I'm not sure if such a map can exist. It would imply that the $\text{U}(1)$-principal bundle $t \colon \text{U}(n) \to \mathbb{P}\text{U}(n)$ given by the usual projection would then have a smooth section $\sigma \colon \mathbb{P}\text{U}(n) \to \text{U}(n)$ given by $\sigma([A])= \phi(A)^{-1} \cdot A$. Hence this would imply that $\text{U}(n) \cong \mathbb{P}\text{U}(n) \times \text{U}(1)$ as $\text{U}(1)$-principal bundle.
Such a homomorphism cannot exist for $n>1$. To see this, look the the Lie algebras in question. The algebra $\mathfrak{u}(1)$ is $i\mathbb R$ while $\mathfrak{u}(n)\cong i\mathbb R\oplus\mathfrak{su}(n)$ and for $n>1$, $\mathfrak{su}(n)$ is simple. The summand $i\mathbb R$ corresponds to multiples of the identity, the second summand to matrices with vanishing complex trace. Now a Lie algebra homomorphism $\mathfrak{u}(n)\to\mathfrak{u}(1)$ has to vanish on $\mathfrak{su}(n)$ (otherwise its kernel would be a non-trivial ideal).
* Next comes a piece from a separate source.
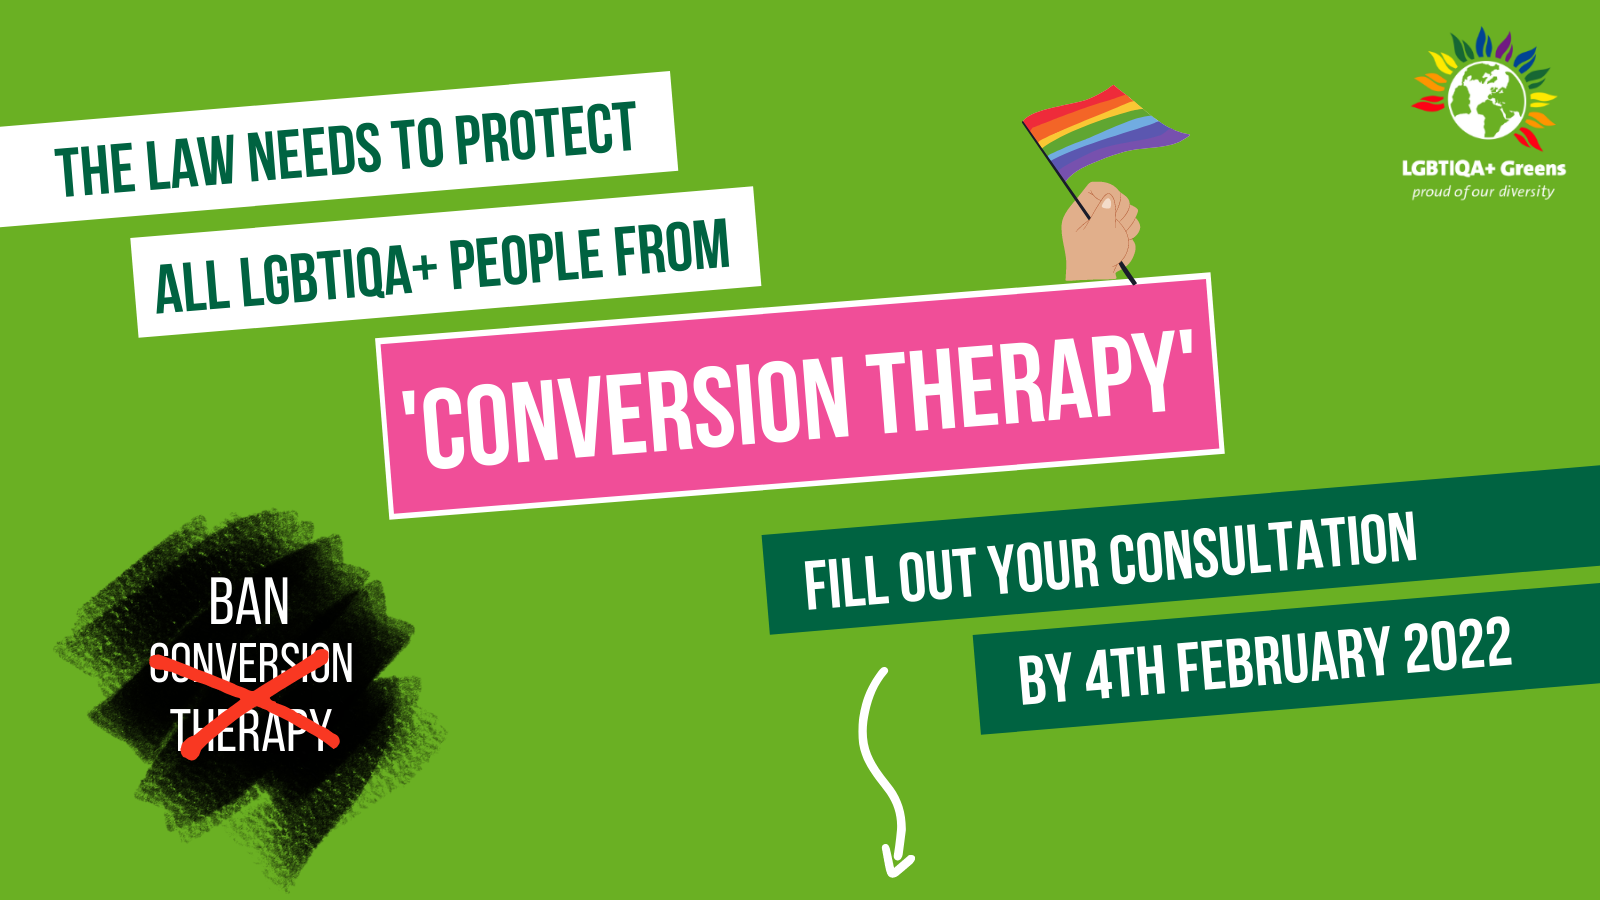 Image shows a graphic with a green background asking people to help ban conversion therapy. On the graphic is the text: "the law needs to protect all LGBTIQA+ people from 'conversion therapy'. Fill out your consultation by the 4th of February 2022." In the top right of the graphic is the LGBTIQA+ green party logo, with our slogan "proud of our diversity".

So the only such homomorphisms are $X\mapsto a\cdot tr(X)$ for a real number $a$. Now for the homomorphism you are looking for, the derivative by definition would have to be $X\mapsto \frac1n\cdot tr(X)$. But this Lie algebra homomorphism does not integrate to the group $U(n)$ since $\exp(2\pi i\mathbb I)=\mathbb I$ whereas $\exp(\frac{2\pi i}{n})\neq 1$ for $n>1$. (So this corresponds to the fact that there is no $k$th root as a homomorphism $U(1)\to U(1)$.)
The argument via simplicity of $\mathfrak{su}(n)$ also shows that there are no interesting homomorphisms $U(n)\to U(n-1)$.